Before setting a test budget, you must ensure it can cover the testing period advisable for the specific platform.
3. Test One Hypothesis at a Time
You can test an ad creative, copy, copy length, or even the platform it is on. But you cannot test all of these at the same time. Because if Ad A has a different copy and graphic than Ad B, you won't know for sure what makes Ad B perform better than Ad A. In the short term, you might be able to scale up your ad spend on Ad B and get a better cost per action.
But what if you tested ads A and B with just the copy variation?
You might find that Ad A's copy does better. And then conducting another test with Ad A's copy on two ads with different graphics, you might find Ad B's graphics doing well with the audience.

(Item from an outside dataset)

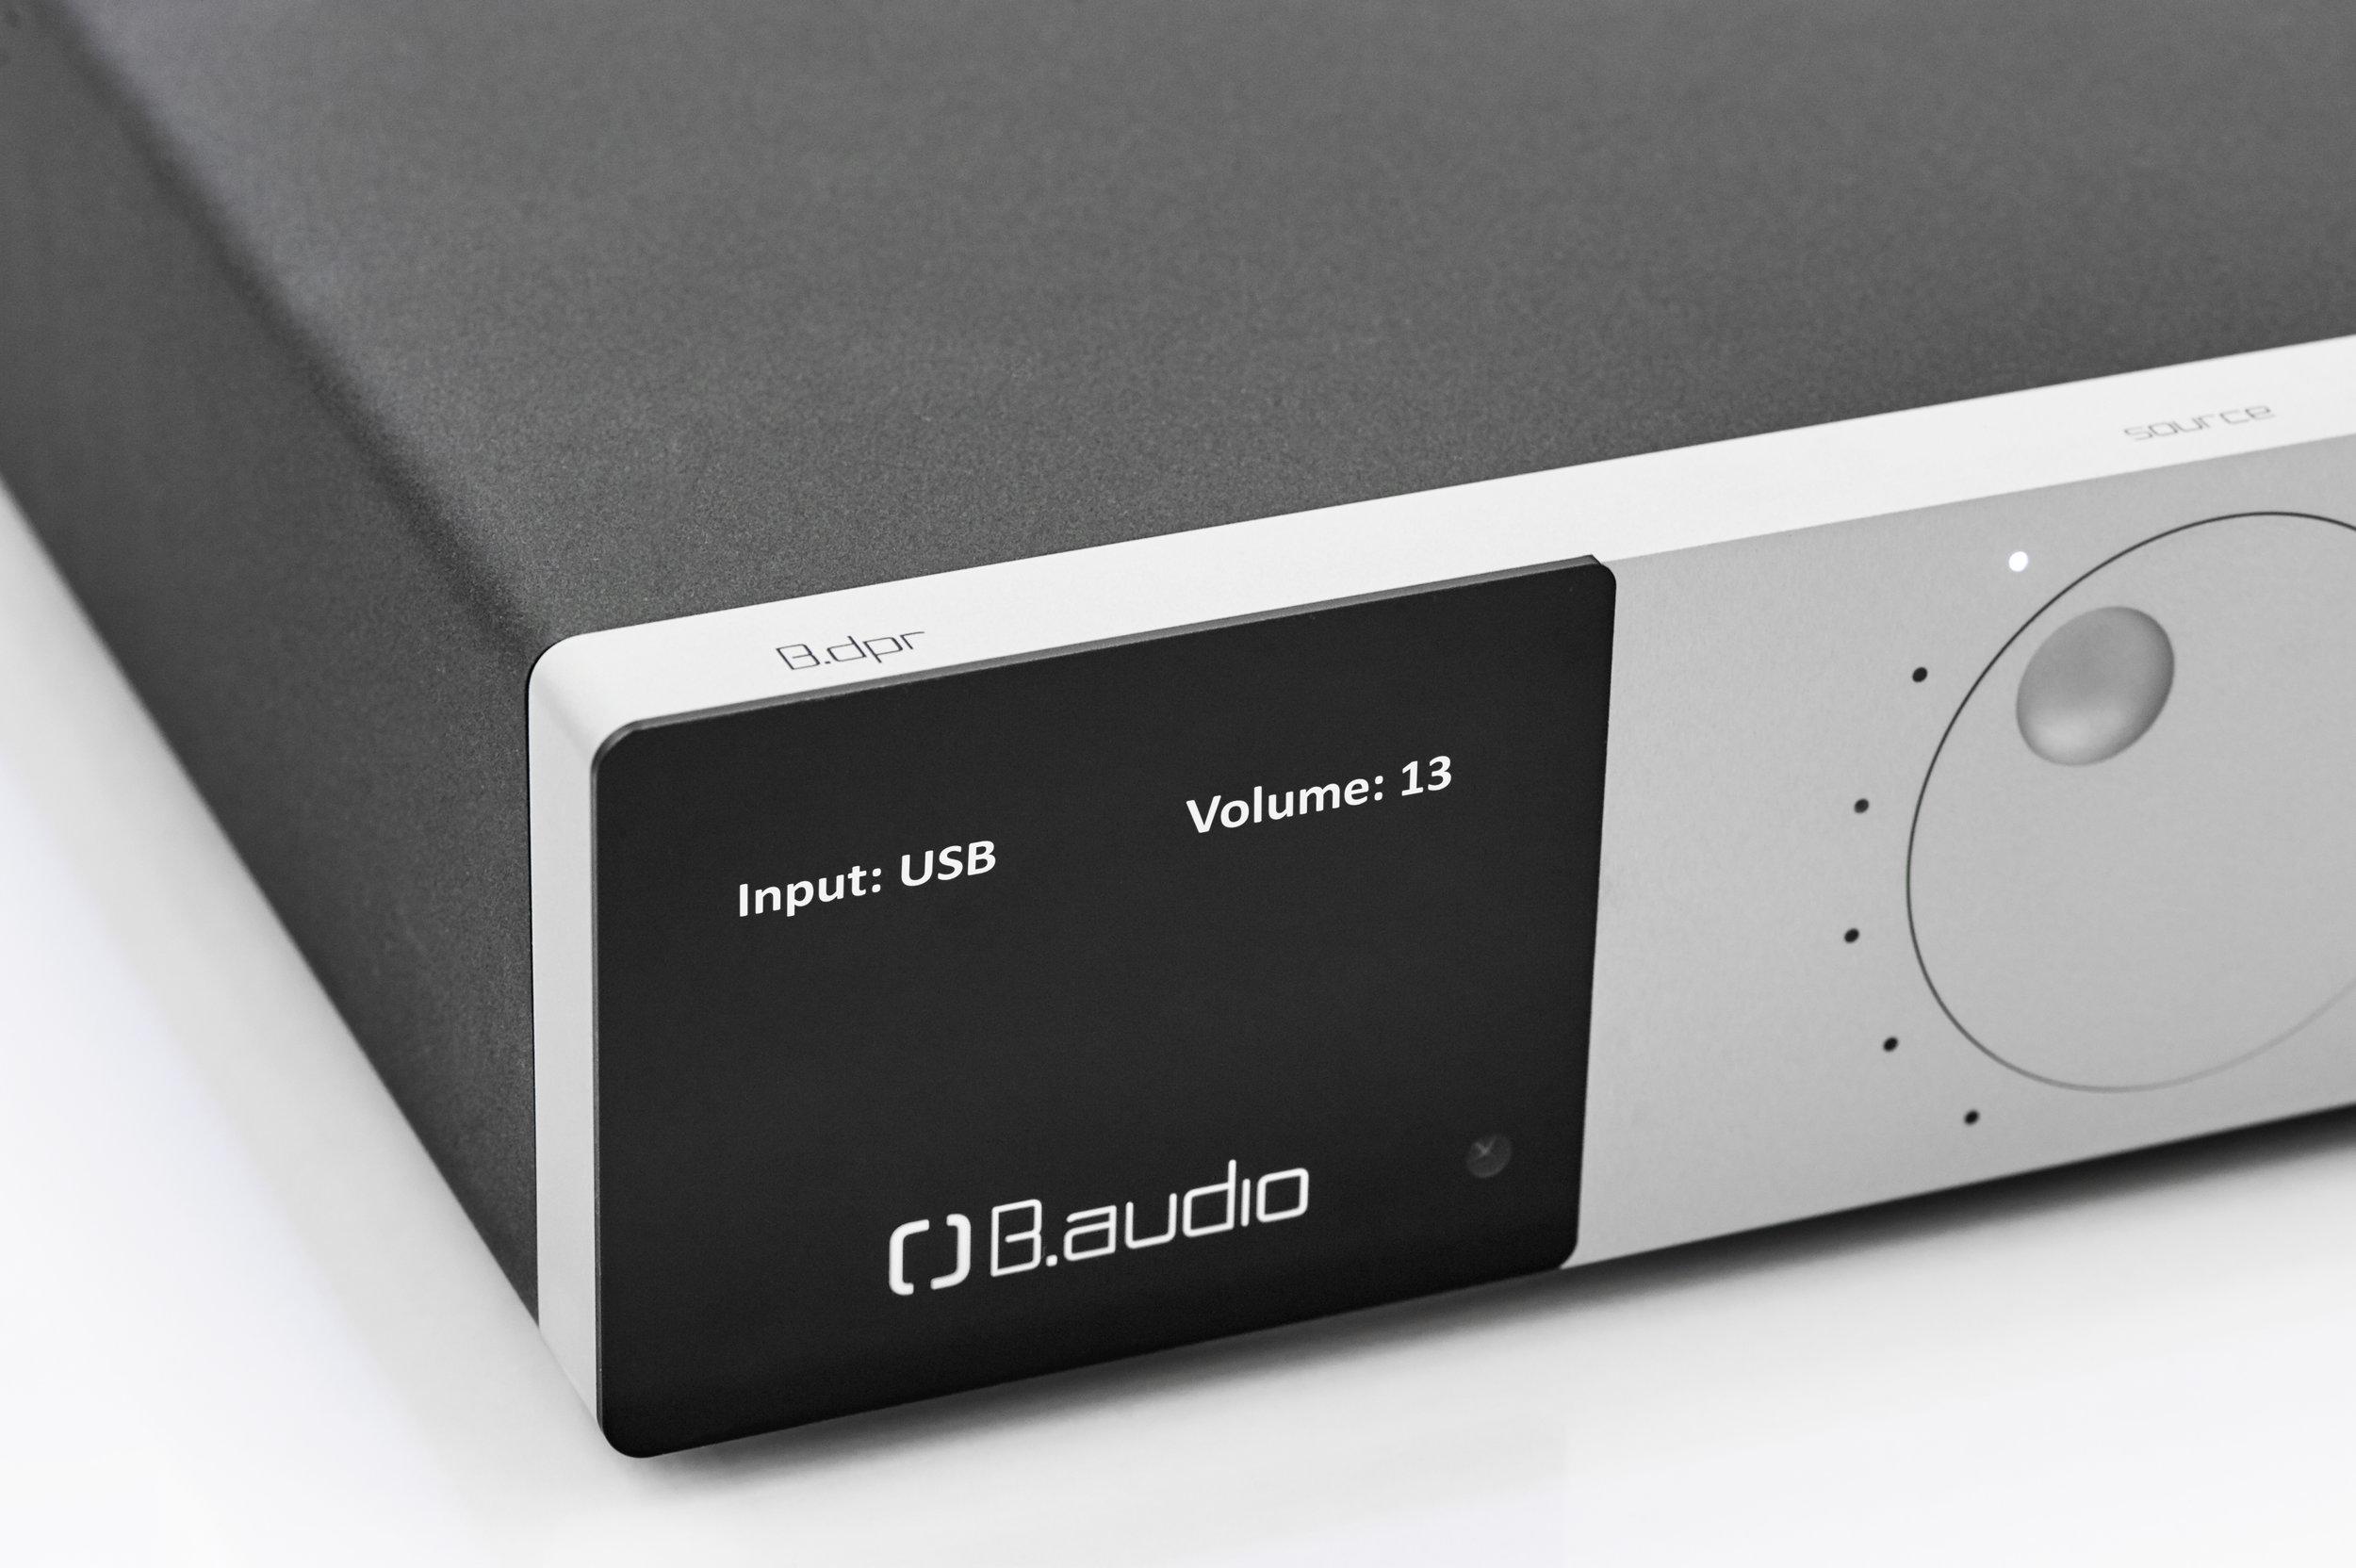 b audio00007.jpg

Using Ad A's copy and B's graphics might get you the best ROI.
You gain long-term insights when you test for a single variable's effectiveness. You find out whether your customers like long-form text copy or short captions with plenty of emojis. You learn what kind of graphics attract your audience. Next time, you can test different variables.
4. Use Drastic Contrasts
Even if you want to test one thing at a time, you might have a problem.
What do you test first?
If you're starting out advertising for a brand that has never advertised before, you should test the hypothesis with the most significant variation.

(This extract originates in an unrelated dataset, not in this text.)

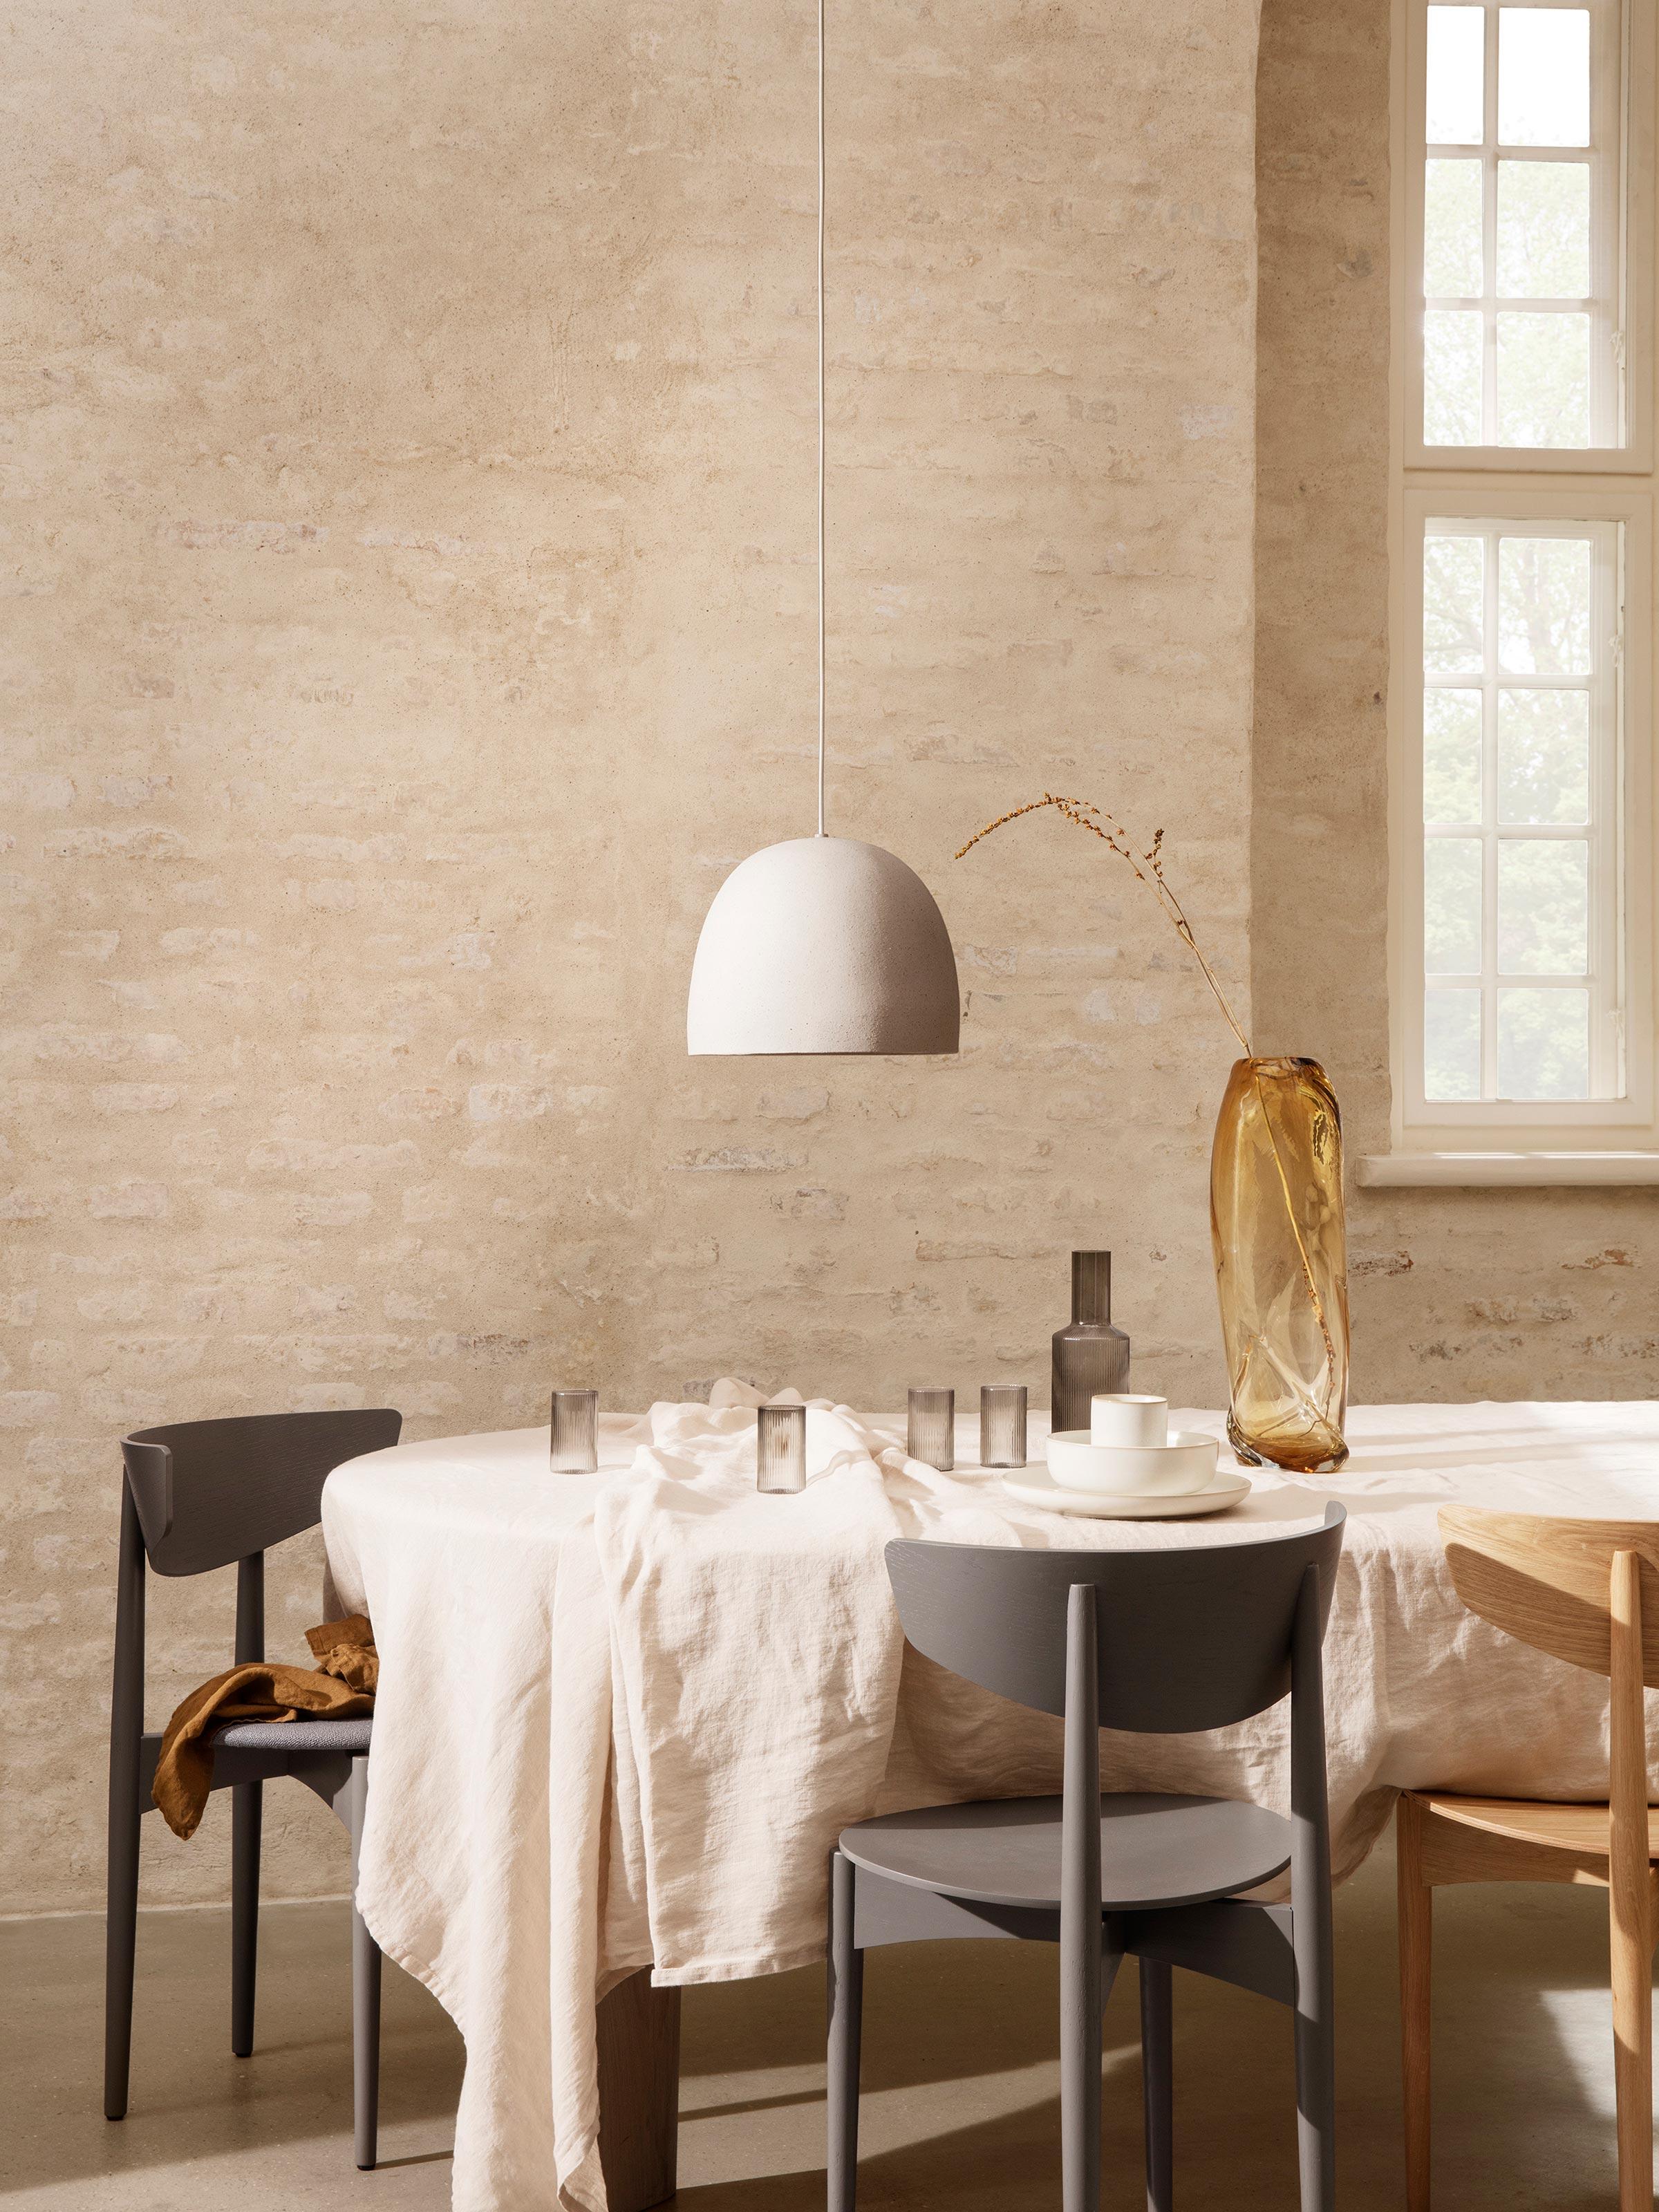 ferm Living - Best Nordic Design Brands

For instance, if you're looking to test two fonts in an ad creative, you might be splitting hairs. But if you want to test a real-life talking head presenter against an animated one, you have a drastic enough contrast to get results in a shorter period.

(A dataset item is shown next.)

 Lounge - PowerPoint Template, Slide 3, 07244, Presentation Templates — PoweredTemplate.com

5. Use Appropriate Tracking Strategies
Split-testing might make you feel smart, but if you track vanity metrics, you'll find out how to feel good while spending minimal money. But the goal isn't to pay the least for a like or a follow.
The goal is to pay the least amount possible to acquire a customer, which means tracking clicks and the entire customer journey. Different ad-serving platforms have their respective tracking tools that can help you figure out not just the volume of clicks but the quality of the traffic as well.
Let's suppose you're advertising a brand of guitars. If one of your creatives features a photo of a guitar and another features a photo of a girl in yoga pants doing squats, the latter will get more likes and clicks. You can see which visitors are actually buying your product by tracking the customer journey via Google Analytics, Meta pixel, or any relevant tool.
6. Minimize Luck and Misfortune
Make sure you conduct ad tests during neutral periods, so misfortune and luck don't color your conclusions. If you had advertised Bitcoin-related products and services in early 2021, you would have received a lot of attention. If you run the same ads after the Bitcoin crash... well, the metrics would be wildly different.
7. Do not Jump to Conclusions
Testing one variable at a time and not conducting tests during periods of turmoil or peak spending can help you get the right idea. But put away your jump-to-conclusions mat because it can hinder your advertising efficiency.
To understand your audience, you must run over 100 split tests across multiple campaigns. And even then, they can surprise you with a sudden shift in taste. Talk about a moving target! It helps to run at least two tests per hypothesis before deciding that your audience likes a specific type of graphics, copy, presenters, or offers.
Even after multiple tests, your conclusions will be skewed by your subjective experience and perception. Moreover, findings that might be accurate for one campaign might be inaccurate for another.
Sooner or later, all data becomes dated, so you should make split testing a regular practice in your marketing. Where salespeople are told to “always be closing”, marketers need to “always be testing”.